TASK DIRECTIONS => With pictures removed, print the listing exactly.
Start of PROVIDED DATA
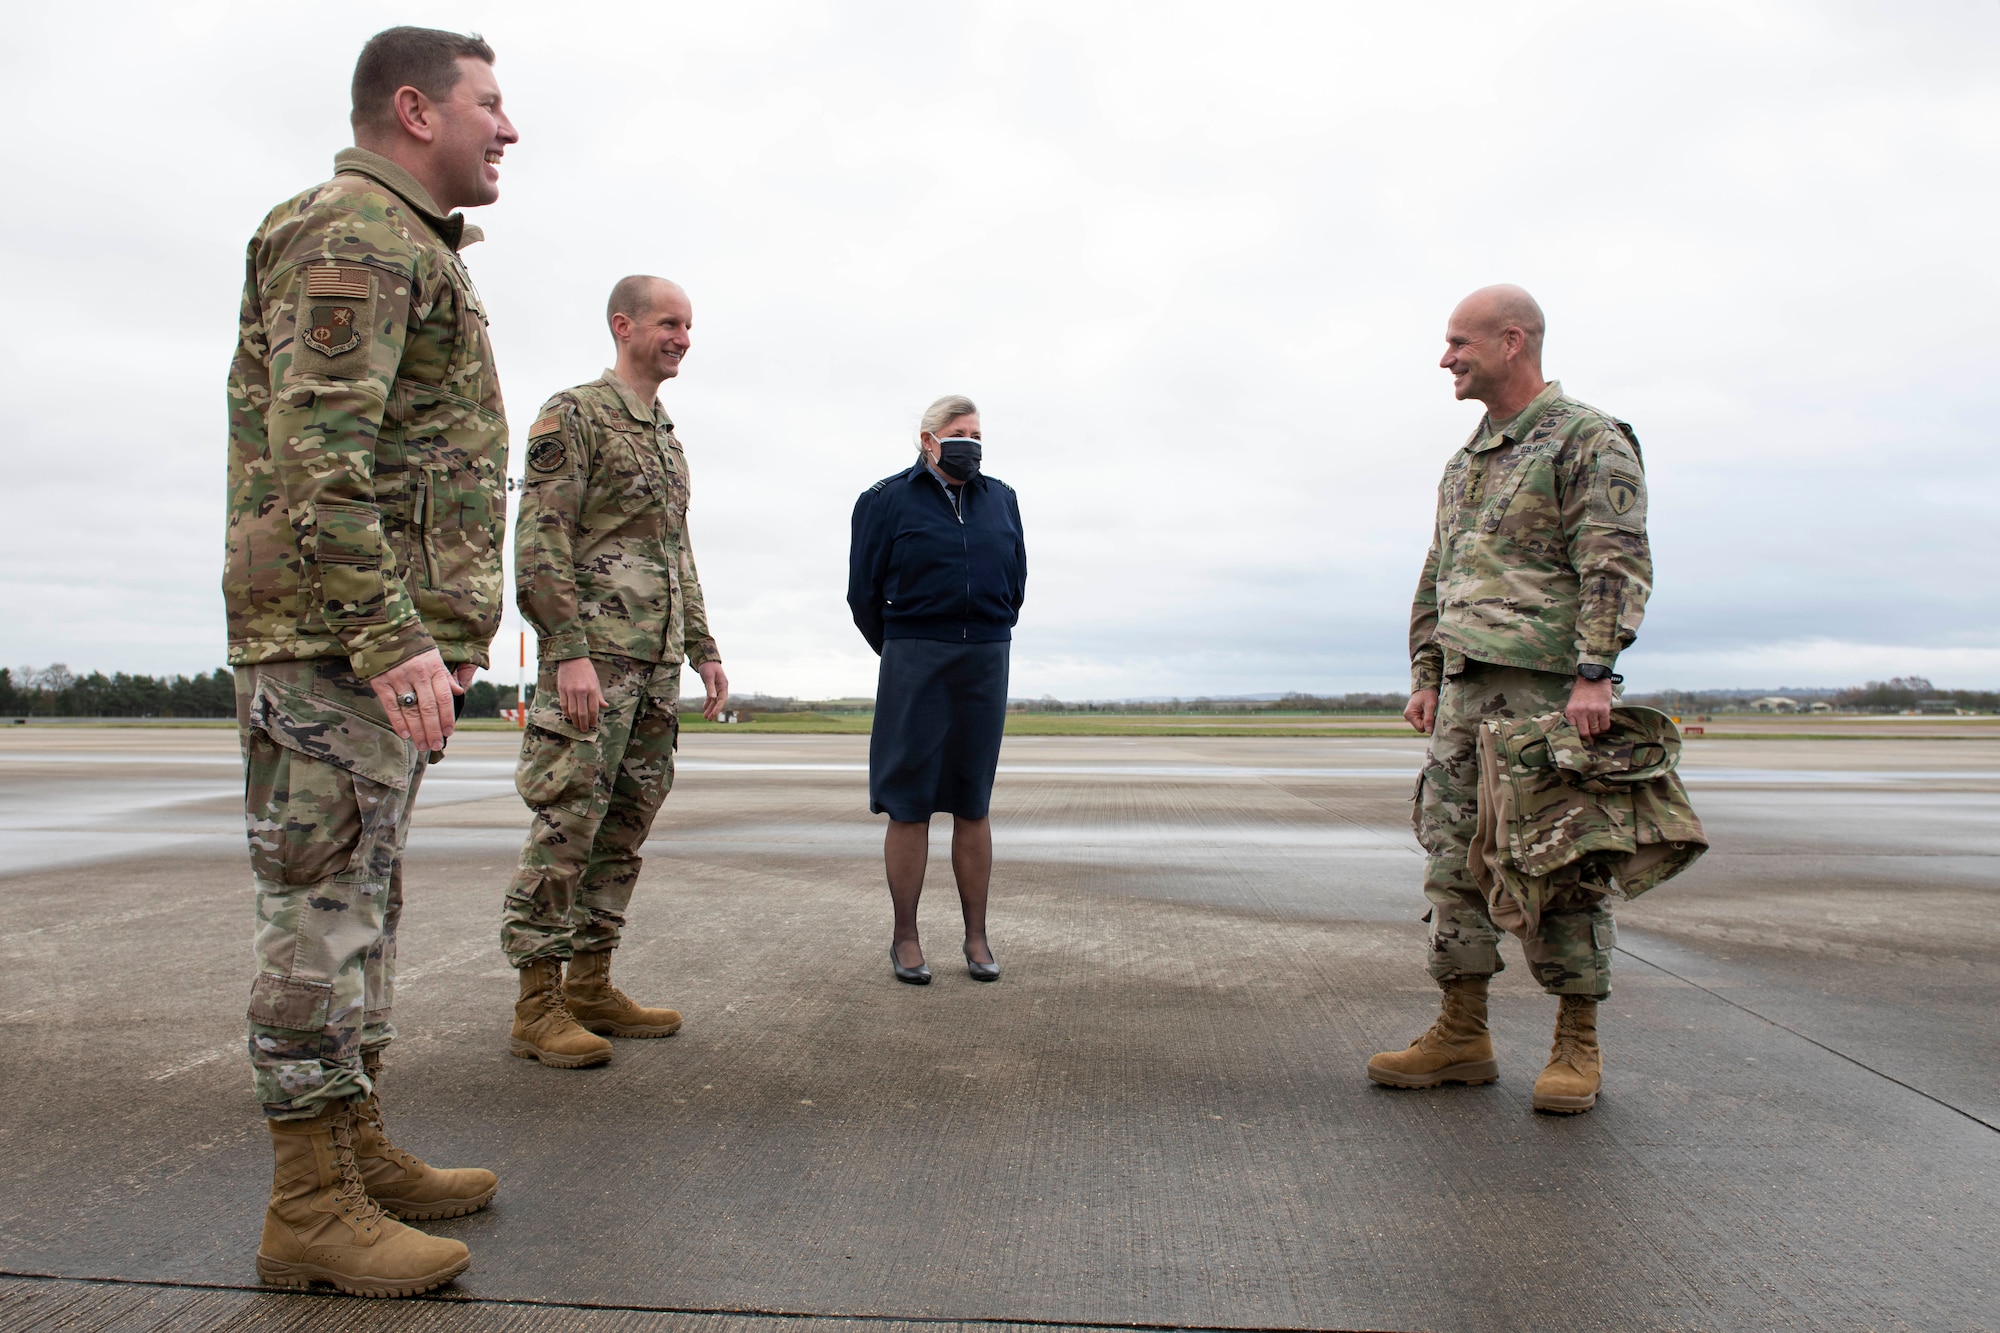 U.S. Army Gen. Christopher Cavoli, right, U.S. Army Europe and Africa Commanding General, arrives at Royal Air Force Fairford, England, Nov. 17, 2020, in support of NATO Exercise Loyal Leda 2020 (LOLE20). Allied Land Command (LANDCOM) conducted a combat readiness evaluation on the NATO Headquarters Allied Rapid Reaction Corp (ARRC) during LOLE20, which took place at RAF Fairford and South Cerney, England, Nov. 9-19, 2020. This was a complex multi-domain exercise designed to test the war-fighting capabilities of the ARRC in a COVID-19 environment including combat operations. LOLE20 was a key NATO exercise to validate and certify the Gloucester-based ARRC as a NATO war-fighting corps at full operational readiness, capable of commanding up to 120,000 multinational troops across a full spectrum of military operations. (U.S. Air Force photo by Senior Airman Jennifer Zima)
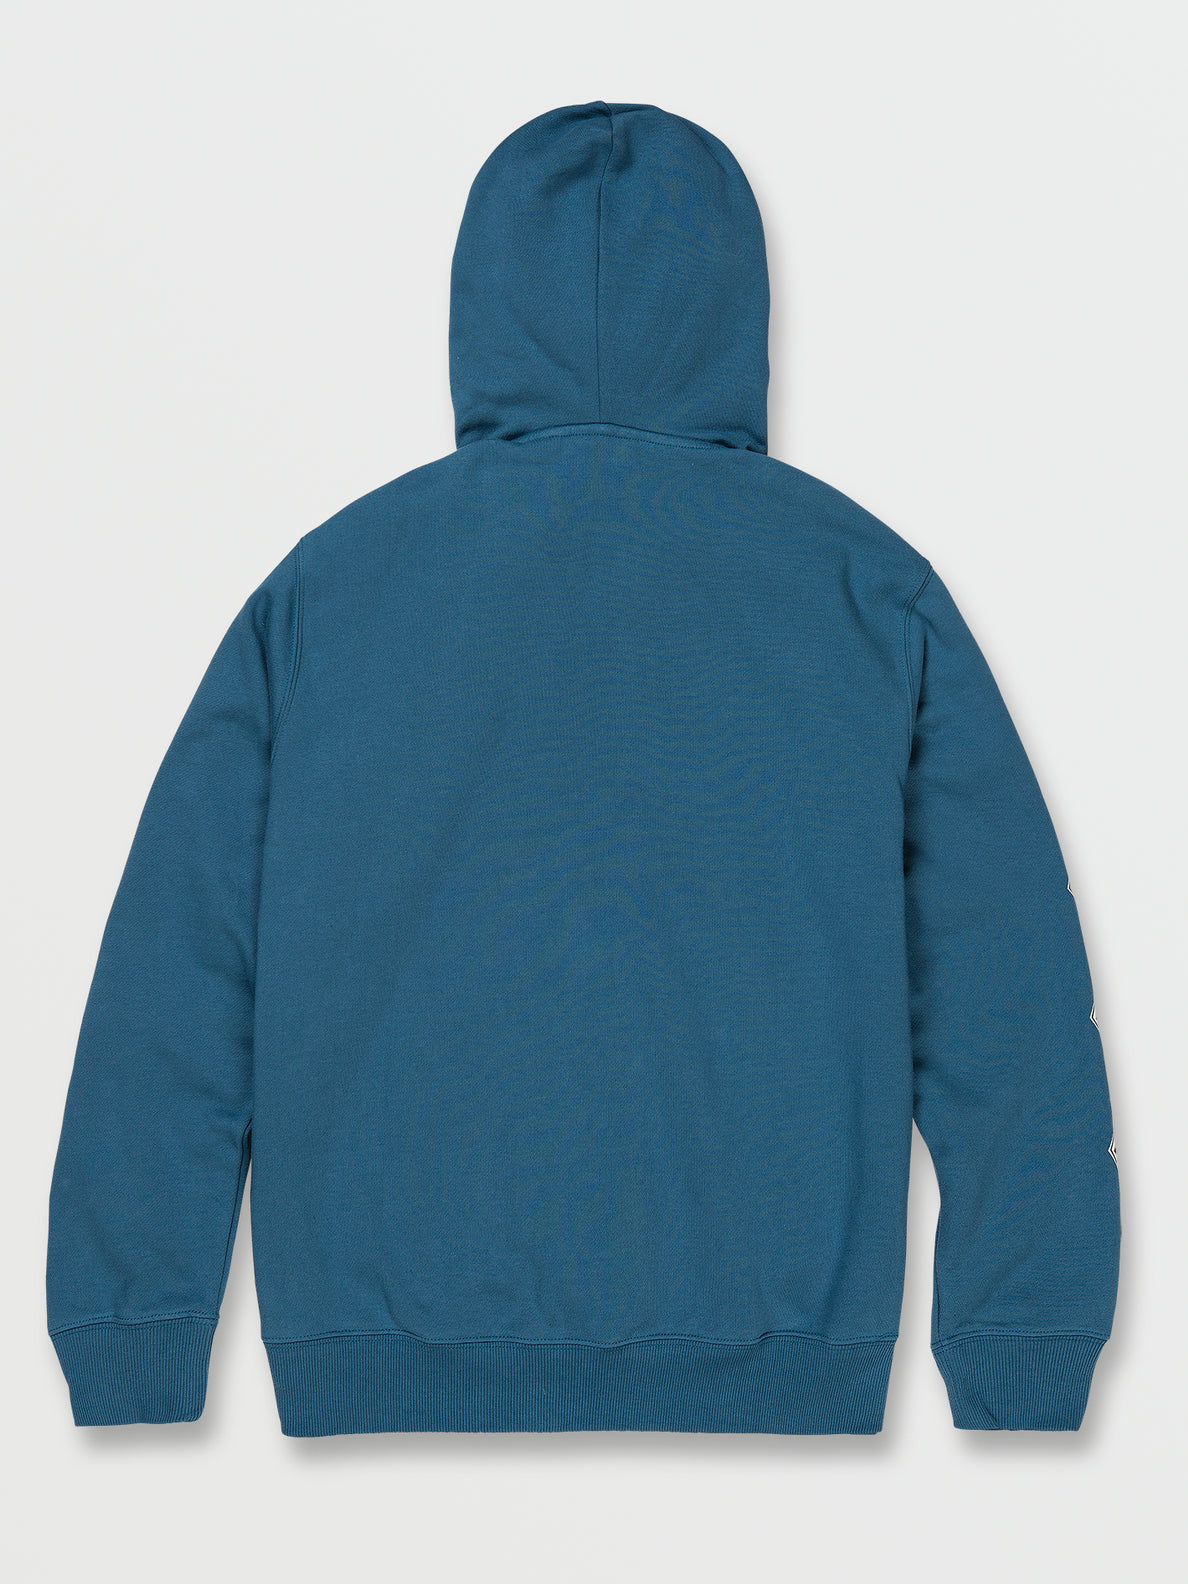 Iconic Stone Pullover Hoodie - Aged Indigo (A4112314_AIN) [B]
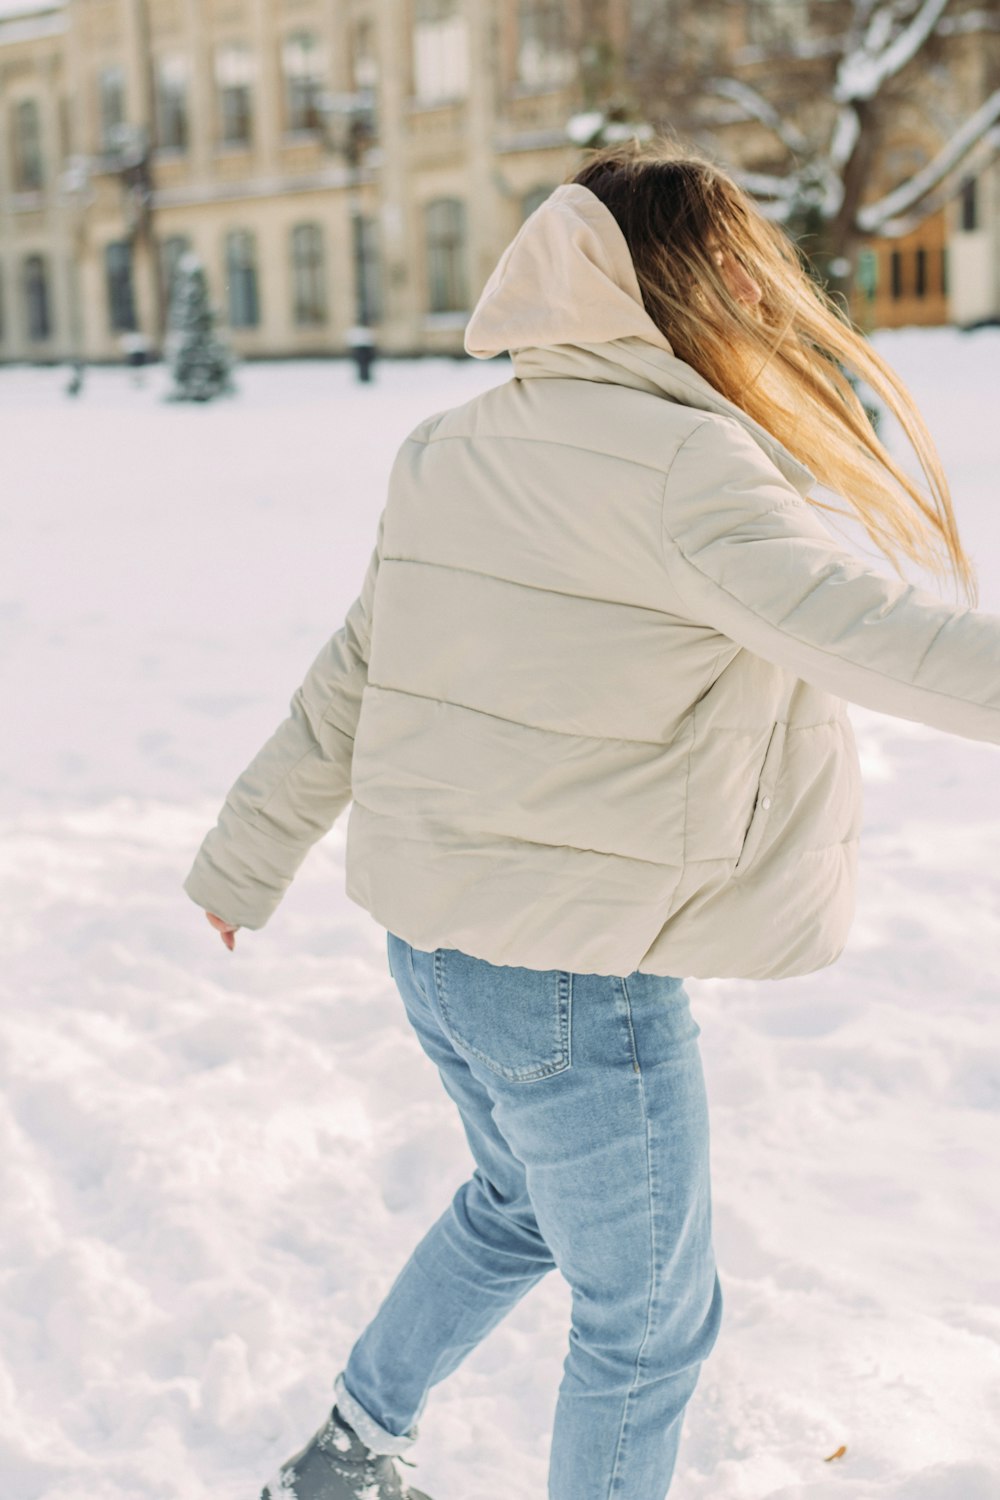 woman in white jacket and blue denim jeans standing on snow covered ground  during daytime photo – Free Grey Image on Unsplash
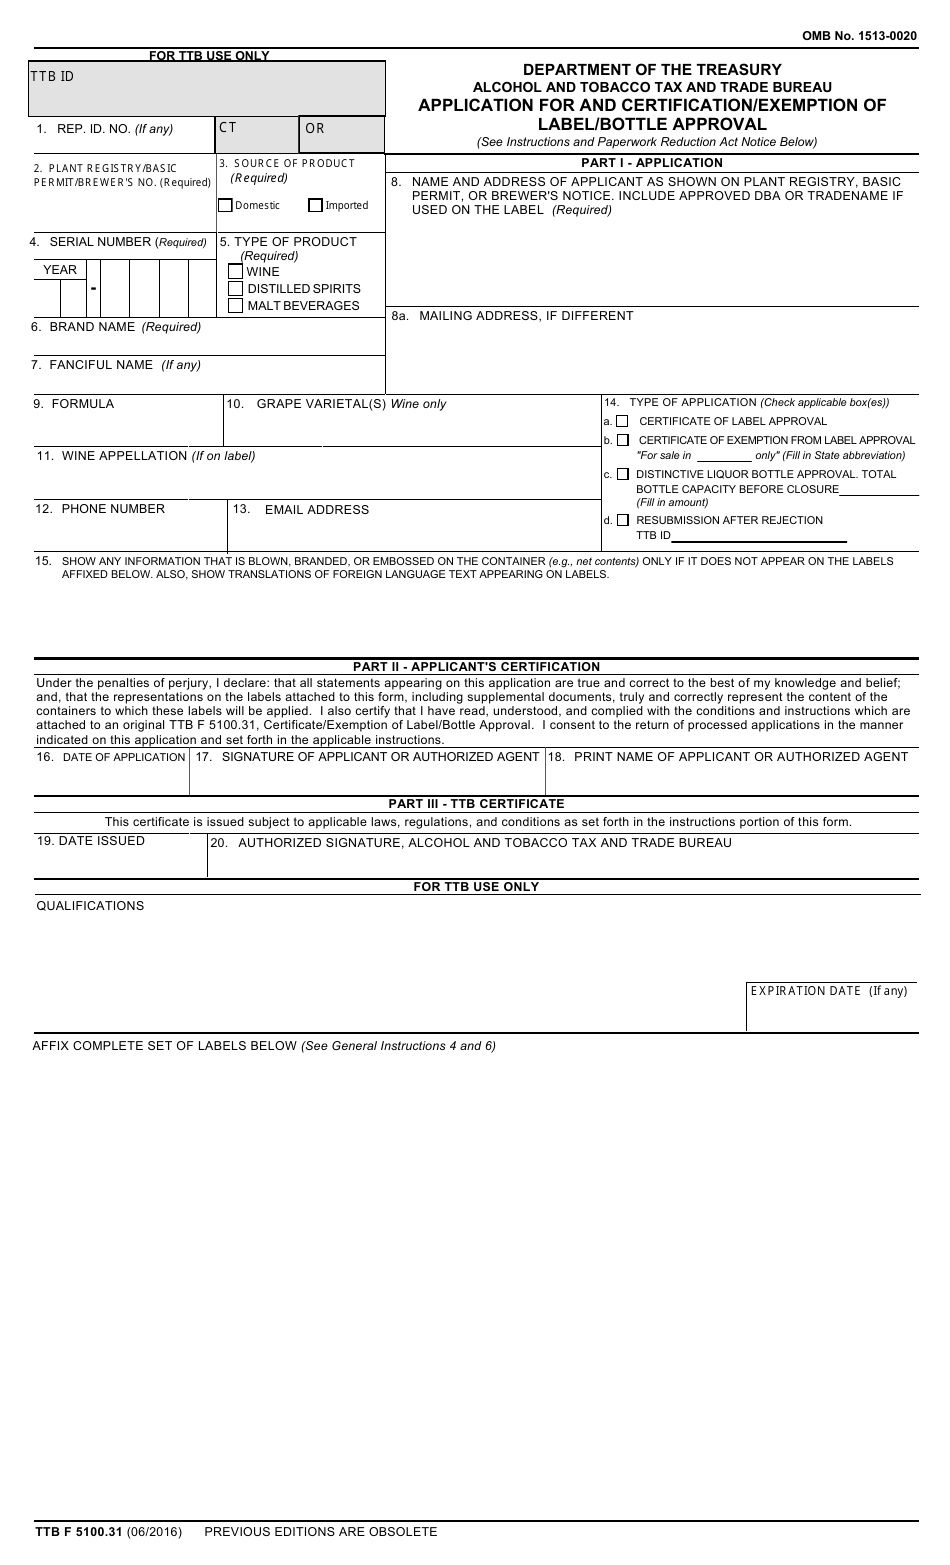 TTB Form 5100.31 Application for and Certification / Exemption of Label / Bottle Approval, Page 1
End of PROVIDED DATA
COMPLETED TASK =>
 U.S. Army Gen. Christopher Cavoli, right, U.S. Army Europe and Africa Commanding General, arrives at Royal Air Force Fairford, England, Nov. 17, 2020, in support of NATO Exercise Loyal Leda 2020 (LOLE20). Allied Land Command (LANDCOM) conducted a combat readiness evaluation on the NATO Headquarters Allied Rapid Reaction Corp (ARRC) during LOLE20, which took place at RAF Fairford and South Cerney, England, Nov. 9-19, 2020. This was a complex multi-domain exercise designed to test the war-fighting capabilities of the ARRC in a COVID-19 environment including combat operations. LOLE20 was a key NATO exercise to validate and certify the Gloucester-based ARRC as a NATO war-fighting corps at full operational readiness, capable of commanding up to 120,000 multinational troops across a full spectrum of military operations. (U.S. Air Force photo by Senior Airman Jennifer Zima)
 Iconic Stone Pullover Hoodie - Aged Indigo (A4112314_AIN) [B]
 woman in white jacket and blue denim jeans standing on snow covered ground  during daytime photo – Free Grey Image on Unsplash
 TTB Form 5100.31 Application for and Certification / Exemption of Label / Bottle Approval, Page 1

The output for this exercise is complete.